Вскоре все разошлись по местам, и над лагерем воцарилась тишина,
нарушаемая лишь неспешной беседой часовых у костра. Начальник
собирался было уже лечь спать, расстелив походную лежанку на
земле, но тут к нему подошел тот самый цыган, и сказал, что
хочет отыграться, и готов ставить по-крупному. Предложил
коня. «Я поставлю пять золотых», – ответил начальник обоза. И
проиграл пять золотых. Потом выиграл два. Проиграл один.
Выиграл три. Проиграл… А потом цыган сказал, что хочет взять
одного из детей, и мало того, что отдаст за него самого лучшего
коня, так еще и приведет одну из своих жен, чтобы та
провела ночь с начальником обоза.

В эйфории от собственной удачи обозник сказал: «А давай!», и они
ударили по рукам. Вообще-то торговля детьми, которые
предназначались для императорской гвардии, была строго запрещена. За
это могли казнить, залив в глотку раскаленный свинец. Но
пропажу одного или двух детей можно было списать на смерть в
дороге, а свои солдаты его не продадут – так, по крайней мере,
думал сам начальник обоза. Скажем сразу, что в этот раз все
сошло ему с рук, но он погорел в другой раз, когда продал
оружие, которое должен был довести до императорских войск,
какому-то князю, стороннику королей. И кто-то из своих ребят,
верно, из карьерных соображений, на него донёс. Но это было
позже, чуть позже. А тогда он подошел к фургону, одному из
тех, в которых были дети, и вытащил за волосы первое
попавшееся существо. Это был Михаэль. Он взвизгнул от неожиданности и
боли, за что получил знатный удар ботинком по спине, и
затих, молча рыдая и сопя от боли и страха. Цыганский барон взял
его под мышку, и исчез во тьме.

Наутро цыгане отправились в одну сторону, а обоз – в другую. Михаэля
научили воровать, а также играть на гитаре и лютне. Когда
он подрос, его женили на цыганке, и у них родился сын. Хоть
это ничего и не значило – цыгане живут табором, и женами они
легко меняются. Но вот нужда в свежей крови – еще одна из
причин, по которой цыгане воровали чужих детей. Война
продолжалась, а потом закончилась. Для Михаэля, как и для всех
остальных цыган, это мало что значило. Они жили своей жизнью –
кочевали, воровали, балагурили, кто-то из них попадался на
конокрадстве и уже не возвращался в табор (законы империи были
суровы – за конокрадство полагалась виселица).

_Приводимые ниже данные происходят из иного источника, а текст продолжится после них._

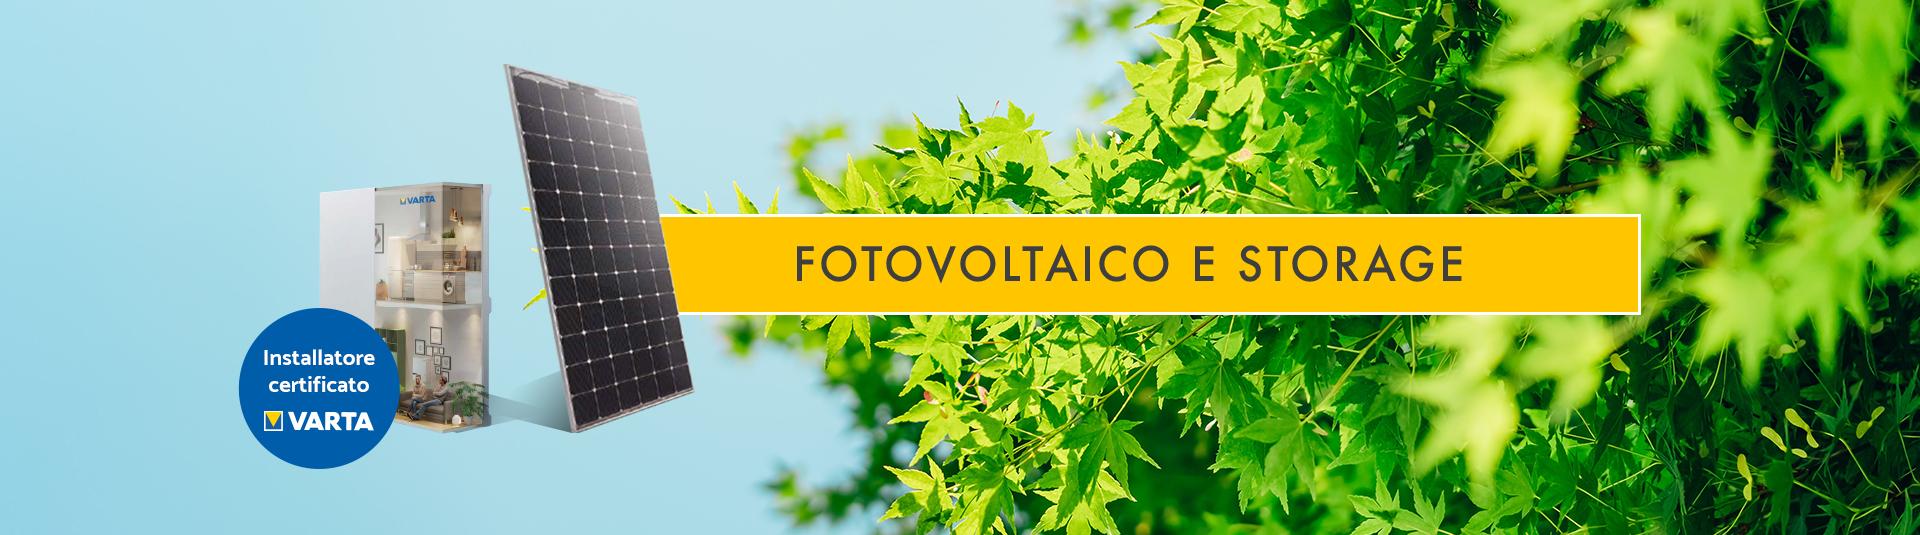 Fotovoltaico & Storage

Однажды табор попал в тот самый город, где Михаэль влюбился
по-настоящему. И, ни много ни мало, в принцессу. Он не знал, правда,
что это принцесса, как не узнал он и того, что попал в
родной город Люксембург – слишком был мал, когда его отсюда
забрали. Он играл рыцарские баллады и цыганские романсы на
городской площади, той самой, где когда-то стоял лишь горестный
стон матерей, которых только что лишили их детей. Прекрасная
девушка, судя по одежде, знатная, которая вместе со свитой
проходила мимо, вдруг остановилась послушать его пение, а
потом их глаза встретились, а потом Михаэль прекратил играть,
забыв свою песню. Девушка опустила глаза, и вскоре исчезла.
Толпа начала расходиться, потому что Михаэль ничего не играл,
а только стоял, кусая губу и теребя струны, не замечая
ничего вокруг.

Потом табор уехал, а он остался, сказав своим, что догонит их позже.
Но так и не отправлялся в путь. Каждый день играл на
городской площади. Ждал чего-то, сам не зная чего. Жил в трактире
неподалеку.

И вот, несколько дней спустя, он снова увидел эту девушку. На сей
раз она была лишь с одной прислужницей – девушкой того же
возраста, тоже богато одетой. Судя по их общению между собой,
та, что глянулась Михаэлю, была госпожой второй девушки. Они
то о чем-то перешептывались, то внимательно слушали Михаэля,
который играл так, как никогда еще не играл, и пел так, как
никогда еще не пел. Потом госпожа ушла, а вторая девушка
осталась. В этот день Михаэля благодарили особенно щедро, в его
шляпу сыпались даже золотые монеты. Когда наступил вечер, и
он закончил играть, девушка подошла к нему и сказала, что
его хочет видеть одна знатная дама. Михаэль не спросил, кто
это и зачем ей его видеть, он спросил только: «Когда и где?»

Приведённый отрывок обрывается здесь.